Yeah, and that's great! Where that's an option I'll definitely go for it. I'm just uninterested in spending money on a book that has DRM, regardless of how easy it is to bypass. I think it sends the wrong message.



Only if you don't get caught.

It's not really the same thing. A VPN is a way to avoid getting caught. Meta's legal defense is an attempt to avoid getting punished after getting caught.



Are there even any effective device fingerprinting methods for torrent clients? Given that it's a UDP protocol it's probably going to be pretty hard to get much useful information about the device aside from what the client might intentionally provide.

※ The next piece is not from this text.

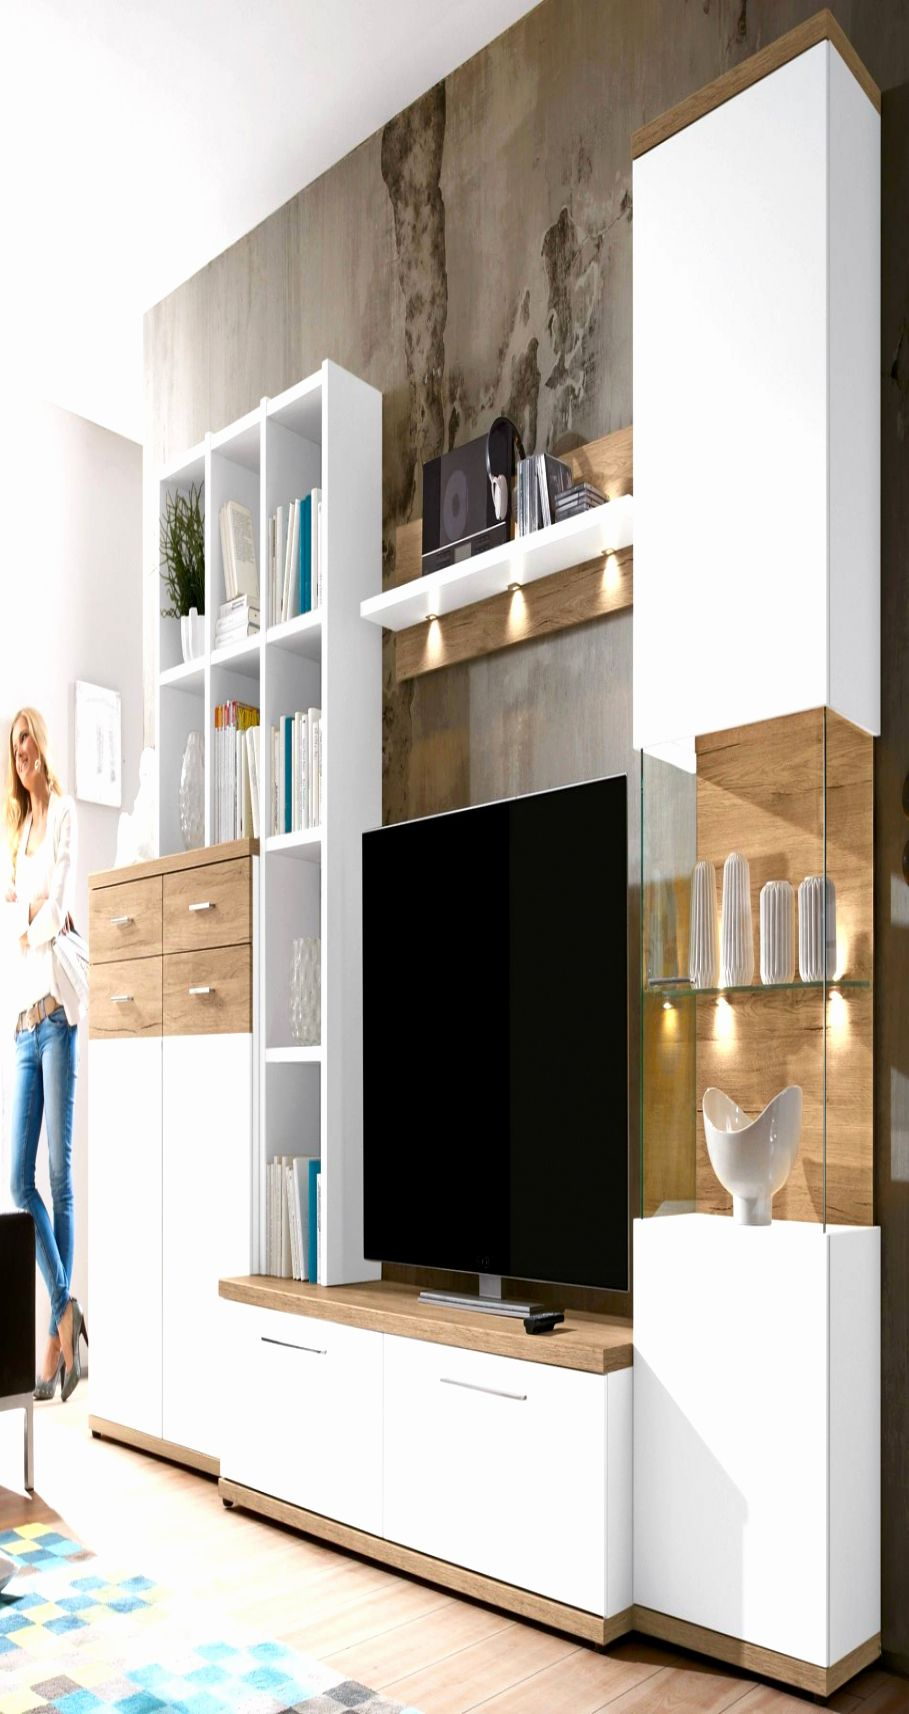 10 Inspirierend Ikea Wohnzimmer Ideen in 10  Small living rooms

There are so many incredible works of literature that I’ve yet to read available in glorious DRM free epub on Standard EBooks and Project Gutenberg, I don’t know why I’d deal with this shit for imaginative fiction .

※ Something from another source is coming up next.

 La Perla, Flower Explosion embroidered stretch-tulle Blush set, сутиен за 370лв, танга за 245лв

No argument, but there are incredible works of literature being created now, by living authors (who want to continue living, so need to eat) as well. We will likely always the classics, but we need living authors to create new classics.



We don't need new classics. They are nice to have but not a need.

We really don't need so many new books that we have to pay people to write them full time.

We absolutely don't need so many new books that we have to give authors the right to extract money after publishing instead of having to rely on crowdfunding/patronage and other up front payments.

If copyright ended right now, culture would go on undisturbed.



Is it still worth the terrible compromises to our digital freedoms we as a society have to make in order "to promote the progress of science and useful arts"?

I'd argue that the pendulum has swung so far to the side of IP holders that this trade-off is one I no longer support. IP laws were designed for a different world, and in our current age they are often used to lock down content, control devices, and restrict how we interact with technology.



I think the idea that things have swung far to the side of the IP holder is a valid argument. But I don't think it's so much that the IP laws were designed for a different world as it is that large and powerful IP holders (Disney is the canonical example, but far from the only one) hijacked the copyright process for their own ends, blind to the way the world works today. The core concern, to my mind, is that creators be compensated fairly for their labor, however we end up defining that. Burning down the current system is likely the only way to find our way out of the mess we're in.



IP laws were designed in a world without the means to effectively make infinite copies for free using only hardware that everyone carries on their person at all times.

You may say that you think copyright still works for the world we are in today (I don't agree) but that it was designed for a different world is undeniable.



combine Meta's statement with the WEF statement "You'll own nothing and you'll be happy". And you'll start to get a feel for the asymmetric "rules based order" the elites envision for the plebs.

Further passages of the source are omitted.